States pass tougher abortion restrictions


A number of states are tightening restrictions for women seeking abortions, while one state – Oregon – has enacted a law that could expand access. Here’s a breakdown of the latest state actions and how they could impact women and physicians.


Under a new Texas law, insurers are banned from covering abortions in most health plans. House Bill 214, signed into law by Texas Gov. Greg Abbott (R) in August, prohibits private, state-offered, and Affordable Care Act insurance plans from including abortion procedures as part of their general coverage. Women must buy additional policies to get the procedure covered. The only exemption is for abortions performed because of a medical emergency.

Another recently enacted Texas law, House Bill 13, requires doctors to report abortion complications to the state within 3 days, and to report personal information about patients such as their age, race, and marital status.
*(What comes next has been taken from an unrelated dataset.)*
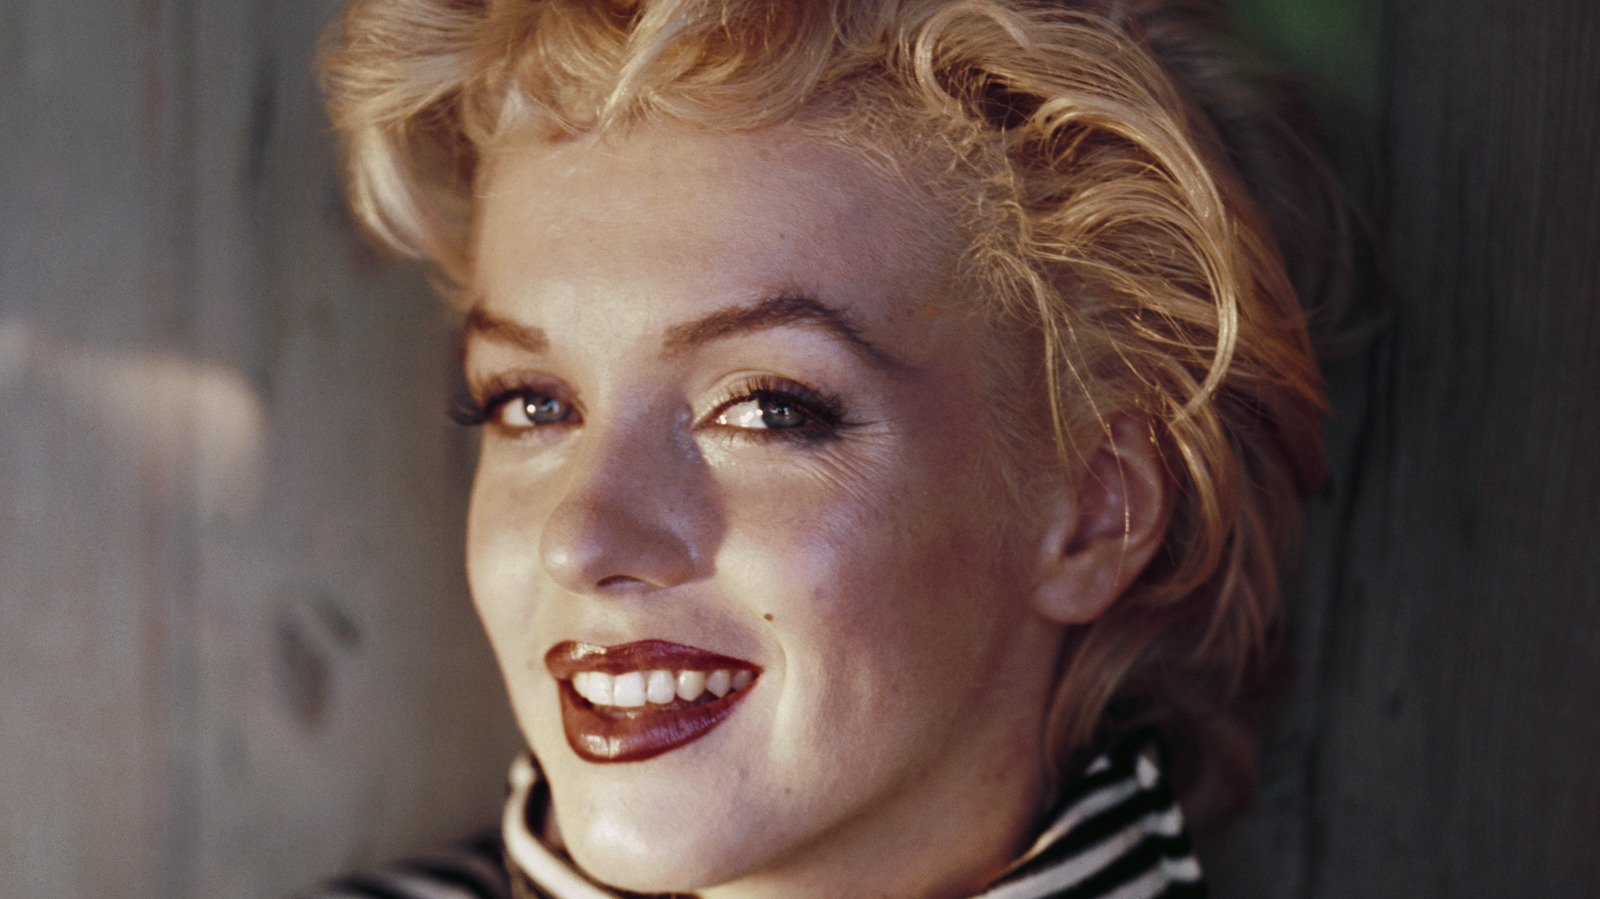 40 Rare Photos of Marilyn Monroe You've Probably Never Seen - Marilyn Monroe  Pictures

Missouri Gov. Eric Greitens (R) has signed into law a measure that will tighten consent procedures for health providers who offer abortions. Senate Bill 5 requires that all discussions related to abortion risks, methods, and other medical factors be conducted only by the doctor who will perform the abortion. Another part of the bill requires that all tissue removed during an abortion be sent to a pathologist for examination within 72 hours. Current law allows facilities to send just a representative sample of the tissue removed.


A federal judge in Arkansas has temporarily blocked four abortion restrictions that were set to go into effect in August. One of the laws – House Bill 1032 – would bar physicians from performing dilation and evacuation procedures, while House Bill 1566 would require that fetal remains are not used for research. House Bill 1434 would ban abortions performed solely for sex selection and mandates that abortions not be performed until “reasonable time and effort” is spent by health providers to obtain the medical records of the pregnant woman. The fourth law, House Bill 2024, requires physicians who perform abortions on girls under age 17 to preserve fetal tissue in accordance with rules from the Office of the State Crime Laboratory.
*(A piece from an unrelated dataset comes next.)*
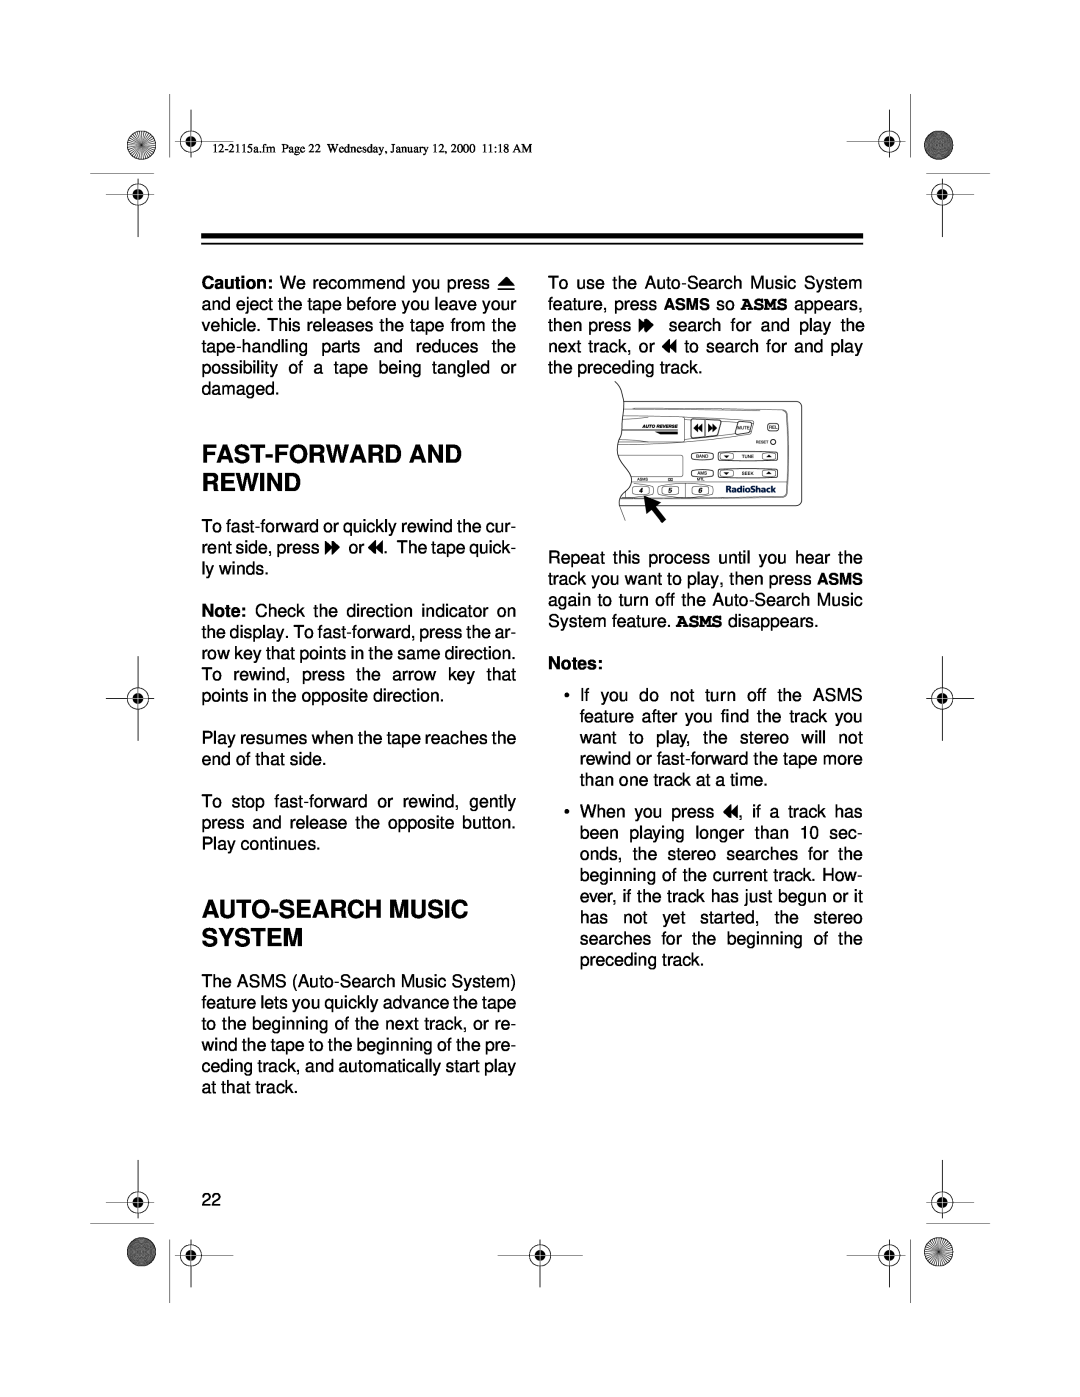 Radio Shack AM/FM Stereo Cassette owner manual Fast-Forwardand Rewind, Auto-Searchmusic System

Oregon meanwhile appears to be moving in the opposite direction when it comes to abortion regulation. A new law signed by Oregon Gov. Kate Brown (D) in August requires that insurers cover abortion procedures and contraception without charging women a copayment. The Reproductive Health Equity Act also dedicates state funds to provide reproductive health care to noncitizens living in Oregon who are excluded from Medicaid.